The osmU operon is induced by osmotic stress. Strain TL1 was grown in MOPS medium plus glucose with 0 M or 0.3 M NaCl, and the osmU and gnd transcript levels were determined by qRT-PCR as described in Materials and Methods. The data are shown as the ratios of osmU and gnd mRNAs, with the ratio for the cells grown with 0 M NaCl set to 1. For both media, the results are the averages of results obtained with four independent mid-exponential phase cultures. In a two-sample, one-tailed t test, the difference in the ratios of osmU/gnd expression at 0.3 M NaCl and 0 M NaCl was significant (P < 0.01).

Fig 5

Conservation of orthologous genes flanking the osmU operon in Enterobacteriaceae.
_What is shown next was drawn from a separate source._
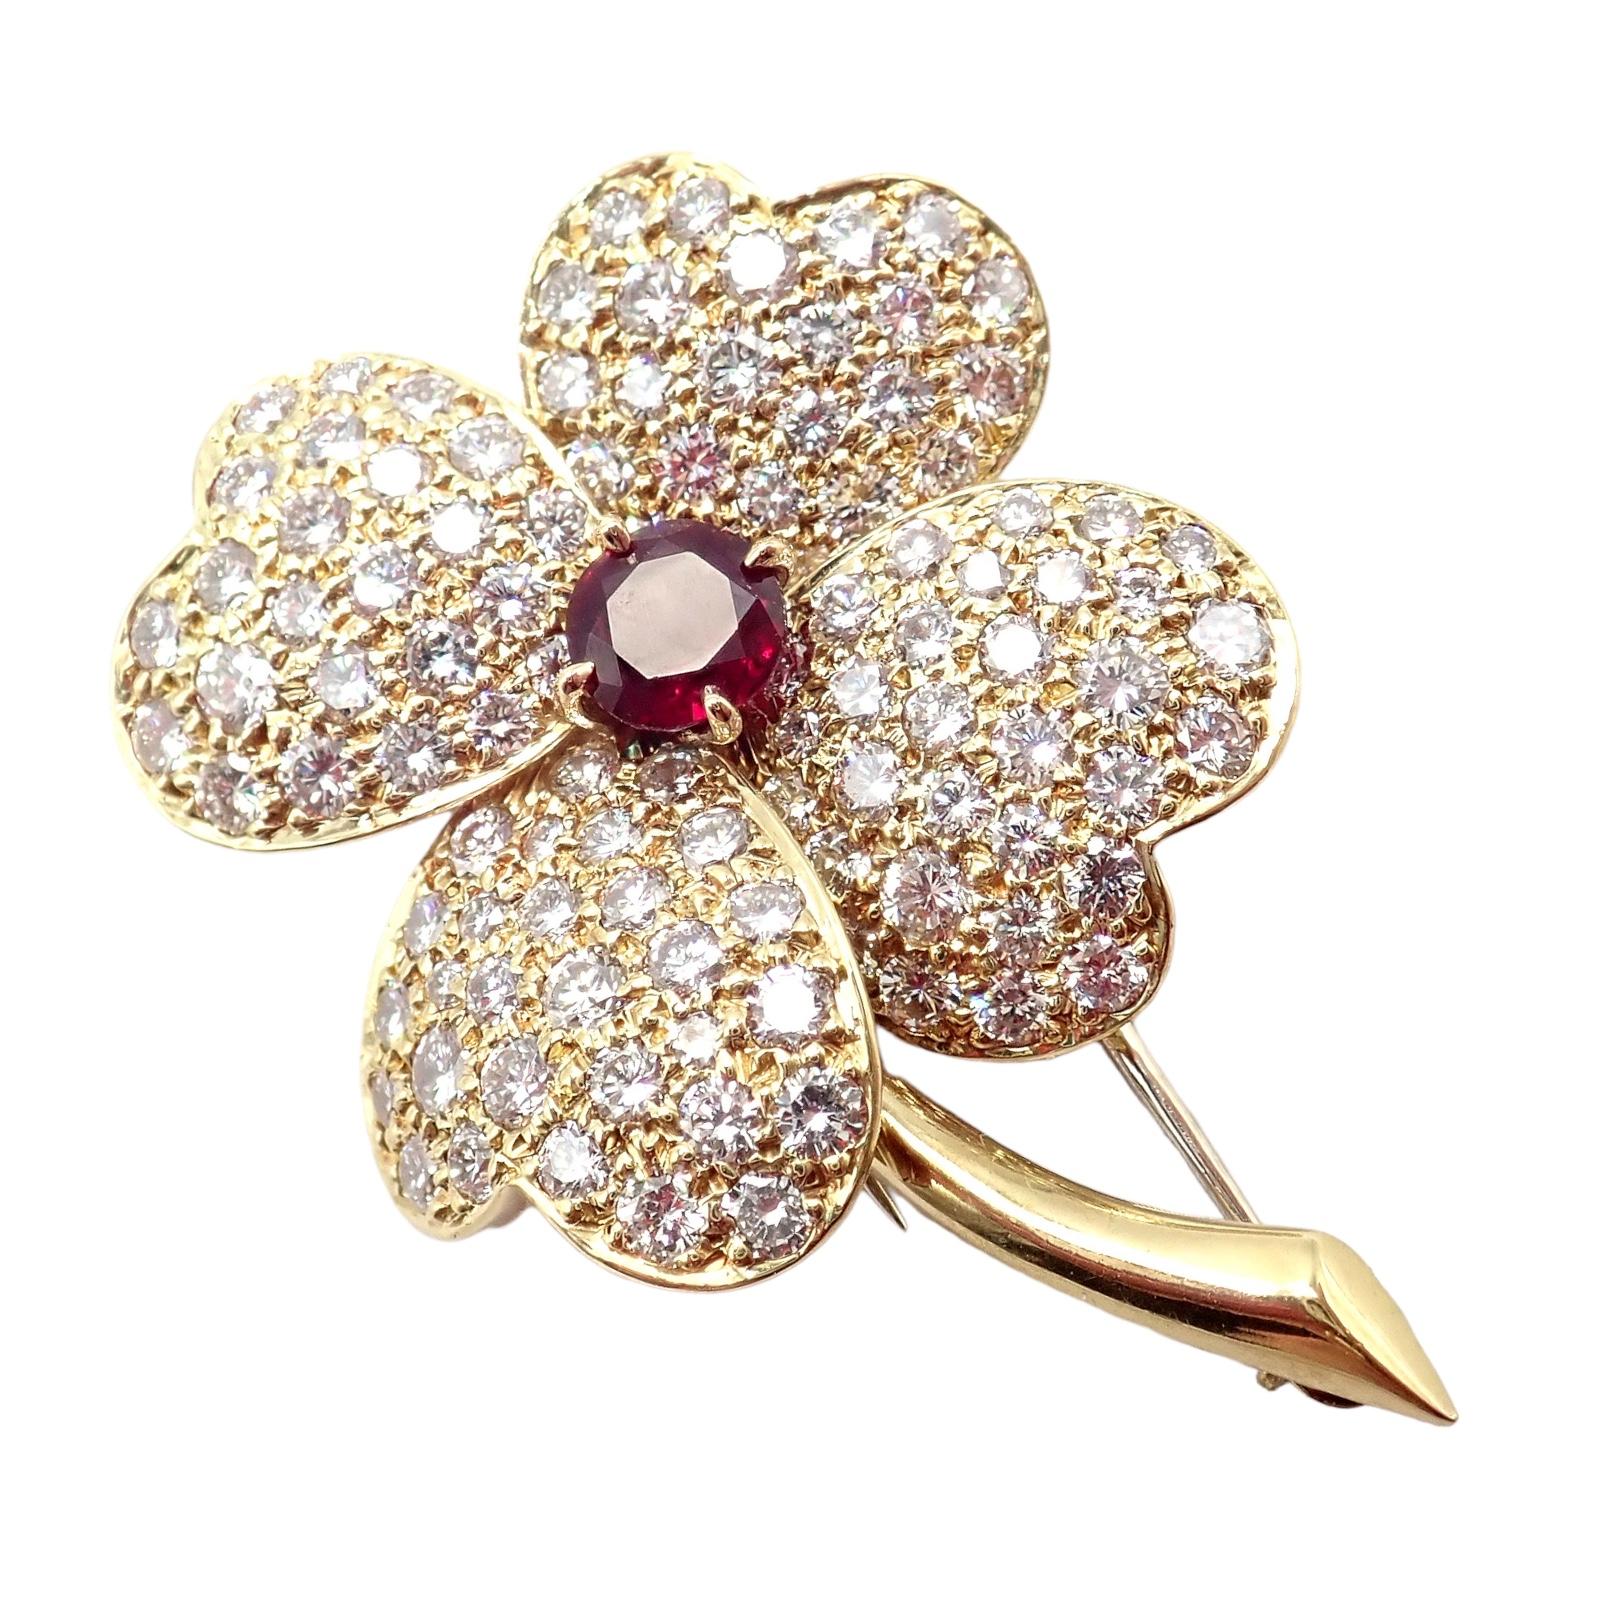 Van Cleef & Arpels Cosmos Diamond And Ruby Yellow Gold Pendant Brooch For Sale 1
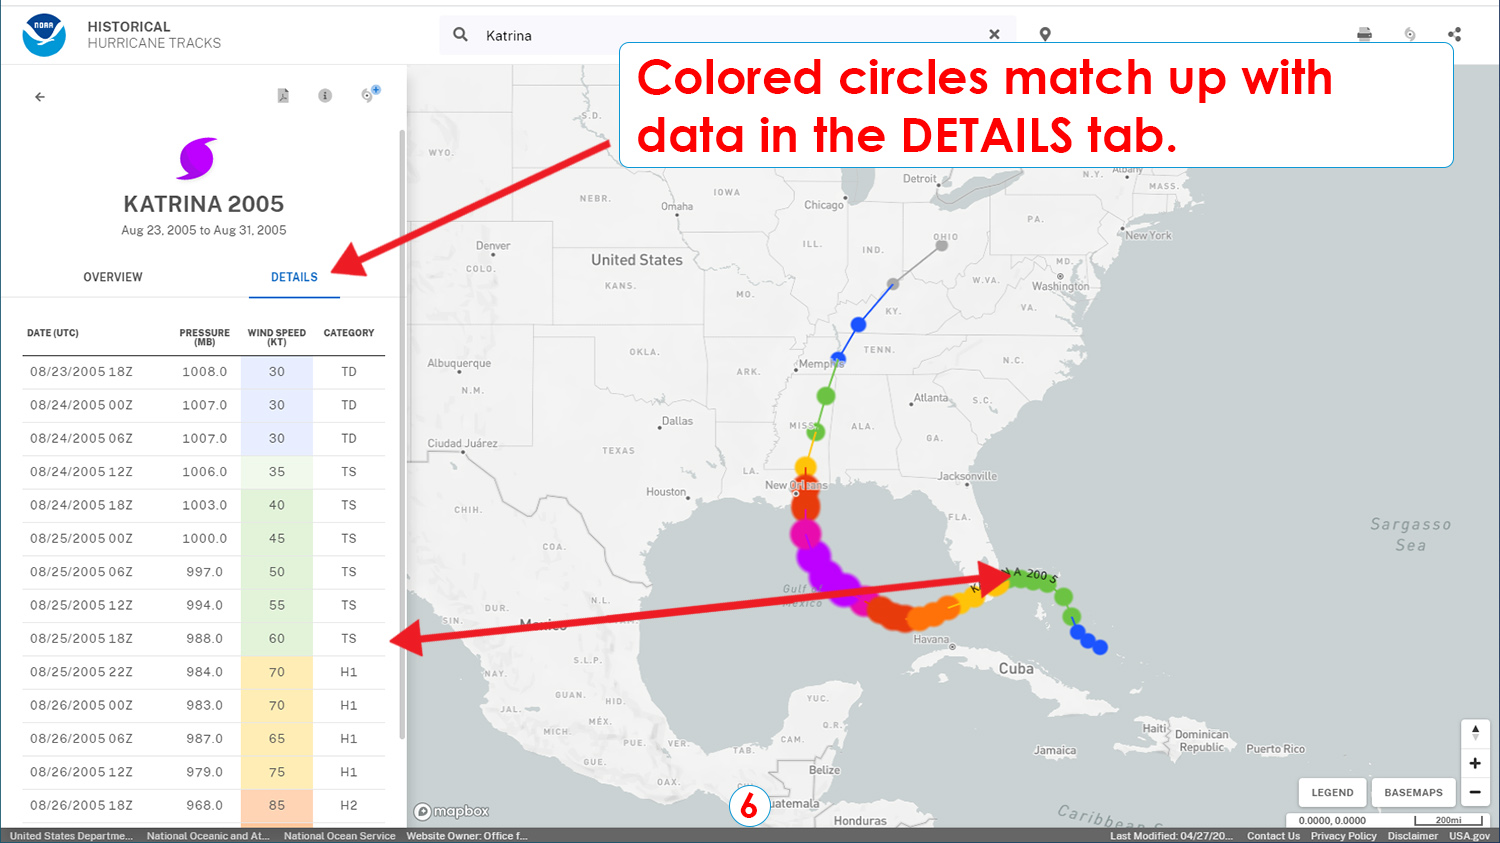 Step 6: Colored circles match up with data in the DETAILS tab.

The synteny of genes was analyzed and displayed using the SEED database and algorithm (http://pubseed.theseed.org/seedviewer.cgi) (43). Sets of orthologous genes that are conserved around the osmU operon are shown in the same colors, with the direction of transcription indicated by the arrows; genes that are gray are not conserved across these organisms. Conserved orthologs encode the proteins as follows: dmsBCD, three subunits of dimethylsulfate reductase; clcB, Cl⁻ channel; bioD, dethiobiotin synthetase; mlc, maltose regulon repressor; ynfL, putative LysR family repressor; ynfM, major superfamily transporter; mldR, multidrug resistance protein B; hypP, hypothetical protein. The organisms shown are S. Typhimurium, Escherichia fergusonii B253, Citrobacter rodentium ICC168, Enterobacter cloacae subsp. cloacae NTC9394, Cronobacter turicensis, Pantoea sp. strain At-9b, Erwinia billingiae Eb661, Serratia marcescens DB11, and Chromobacterium violaceum ATCC 12472.

Fig 6

Phylogenetic relationship of the S. Typhimurium OsmX protein to YehZ and the extracellular binding protein components of other osmoprotectant transport systems whose three-dimensional structure has been determined. The phylogenetic tree of the protein sequences (including the signal peptides) was constructed with the PhyML method and displayed by the web service Phylogeny.fr (http://www.phylogeny.fr), using the “advanced mode, bootstrapping procedure” (100 bootstraps), without the Gblocks program (7, 17, 18, 22). The protein sequences (database accession codes) are as follows: OsmX, S. Typhimurium (GI:16764838); YehZ, S. Typhimurium (GI:16765495); ProX, A. fulgidus DSM 4304 (GI:11498587); OpuCC, B. subtilis subsp. subtilis strain 168 (GI:16080434); OpuBC, B. subtilis subsp. subtilis strain 168 (GI:16080424); OpuCC, S. aureus subsp. aureus Mu50 (GI:15925436); OpuAC, L. lactis (GI:296278460); OpuAC, B. subtilis subsp. subtilis strain 168 (GI:16077369); ChoX, S. meliloti 1021 (GI:15966152), and ProX, E. coli strain K-12 substrain MG1655 (GI:16130593).

Fig 7

S. enterica OsmX modeled on the glycine betaine-bound conformation of A. fulgidus ProX. A surface slab view is shown for ProX (A) and the modeled OsmX (B) bound to glycine betaine (yellow). Residues within 5 Å of the bound substrate are indicated in cyan. Figure was constructed with PyMOL (www.pymol.org) as described in Materials and Methods. The amino acids are numbered starting from the first residue of the mature protein for ProX (49) and starting from the N-terminal methionine of the predicted full-length protein, including the signal sequence, for OsmX.